We start a new ADF Web Application (no model project is needed), using the normal wizard. Once the application is ready, select the ‘Web Content’ folder and create a new ‘Skin’ via the gallery. Name the skin as you like. This will create a skin.css file in a folder named ‘skin’.

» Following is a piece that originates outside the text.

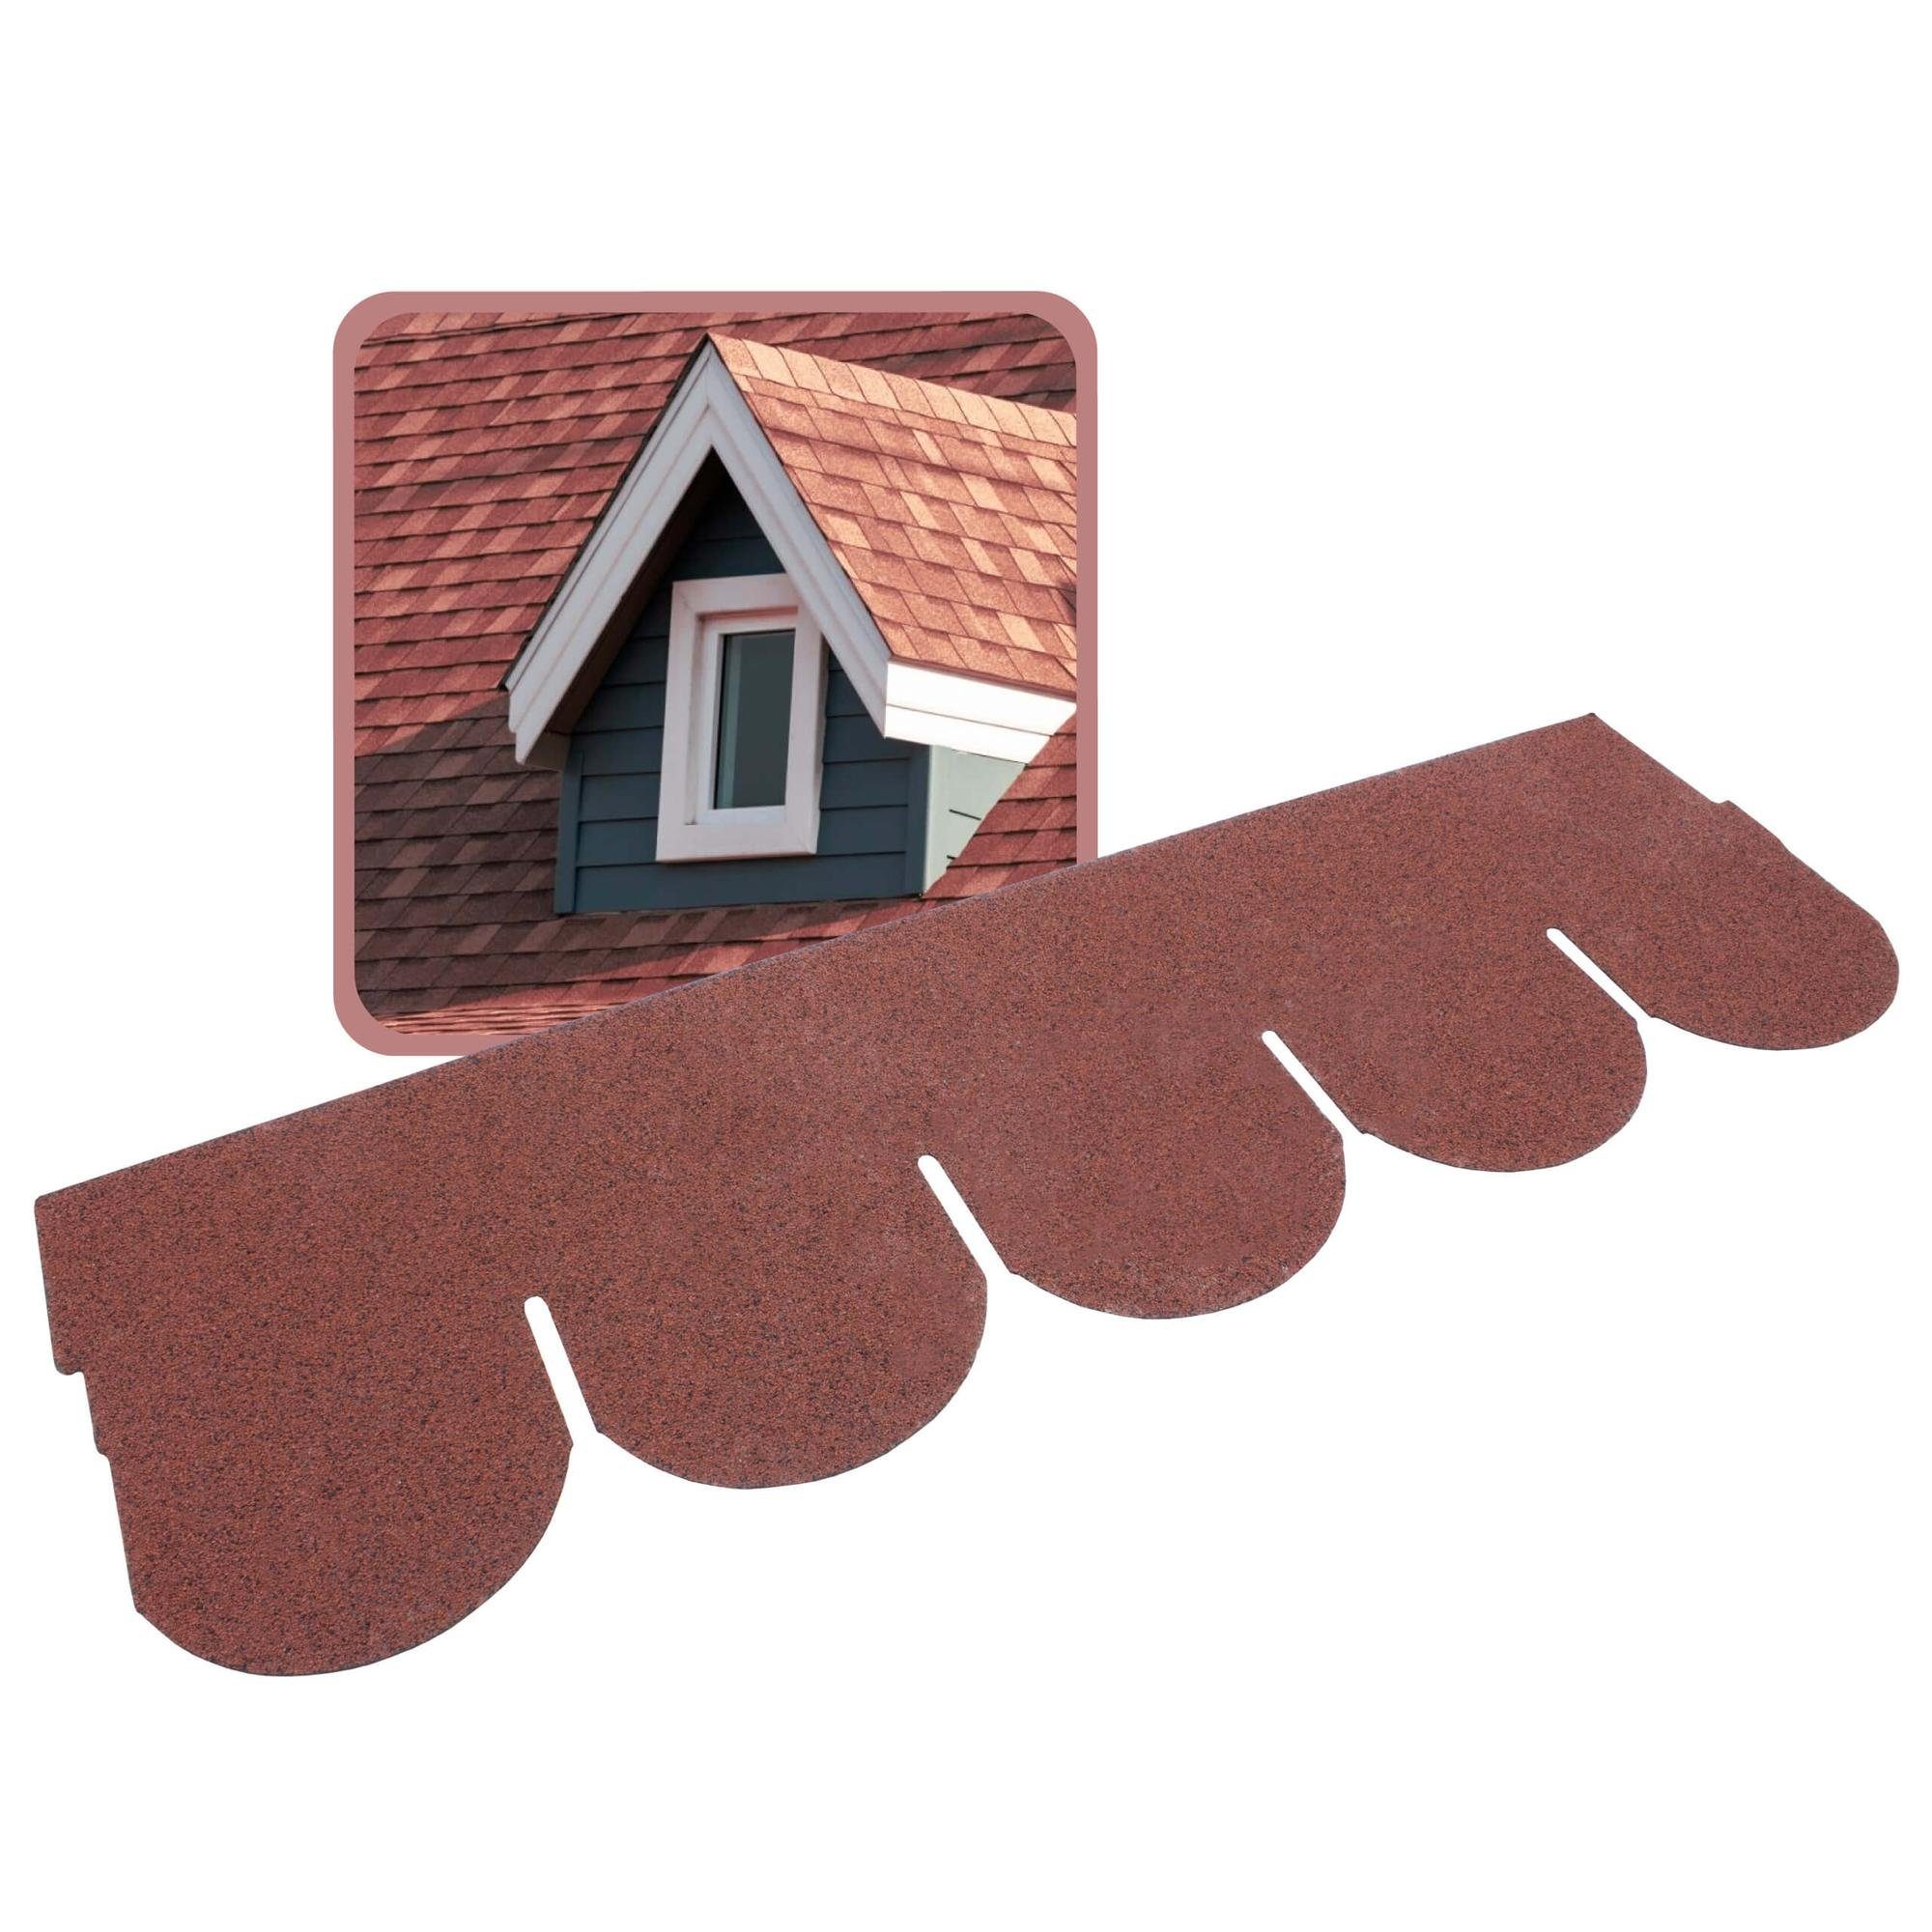 DAPRONA Dachschindeln Biberschwanz Dachschindeln, Rund 1m x 32cm, Rot, (20-St), Bitumenschindeln für Gartenhaus, Carport

The second step is to download the latest FontAwesome library (Version 5.14 when writing this blog). Extract the zip and copy the ‘fontawesome-free-5.14.0’ into the ‘create skin’ folder. This is the result of my sample application (you’ll find download instructions at the end of the article):

The next step is to make the FontAwesome fonts available to the ADF skin file. Here we add

@font-face {
    font-family: 'FontAwesome';
    src: url('fontawesome-free-5.14.0/webfonts/fa-brands-400.eot');
    src: url('fontawesome-free-5.14.0/webfonts/fa-brands-400.svg');
    src: url('fontawesome-free-5.14.0/webfonts/fa-brands-400.ttf');
    src: url('fontawesome-free-5.14.0/webfonts/fa-brands-400.woff');
    src: url('fontawesome-free-5.14.0/webfonts/fa-brands-400.woff2');
    src: url('fontawesome-free-5.14.0/webfonts/fa-regular-400.eot');
    src: url('fontawesome-free-5.14.0/webfonts/fa-regular-400.svg');
    src: url('fontawesome-free-5.14.0/webfonts/fa-regular-400.ttf');
    src: url('fontawesome-free-5.14.0/webfonts/fa-regular-400.woff');
    src: url('fontawesome-free-5.14.0/webfonts/fa-regular-400.woff2');
    src: url('fontawesome-free-5.14.0/webfonts/fa-solid-900.eot');
    src: url('fontawesome-free-5.14.0/webfonts/fa-solid-900.svg');
    src: url('fontawesome-free-5.14.0/webfonts/fa-solid-900.ttf');
    src: url('fontawesome-free-5.14.0/webfonts/fa-solid-900.woff');
    src: url('fontawesome-free-5.14.0/webfonts/fa-solid-900.woff2');
    font-weight: normal;
    font-style: normal;
}

to the bfa_skin.css. All this is described in Shay Shemltzer’s blog:

https://blogs.oracle.com/shay/leveraging-icon-fonts-font-awesome-in-oracle-adf-500-new-icons-for-your-app

Integrating FontAwesome into ADF

In general, as Shay described, ADF uses skins to alter the look and feel. A skin is a special CSS using skin selectors to change the styles of a component. FontAwesome, on the other side, is a CSS library providing hundreds of icons that can be changed directly using CSS style classes. 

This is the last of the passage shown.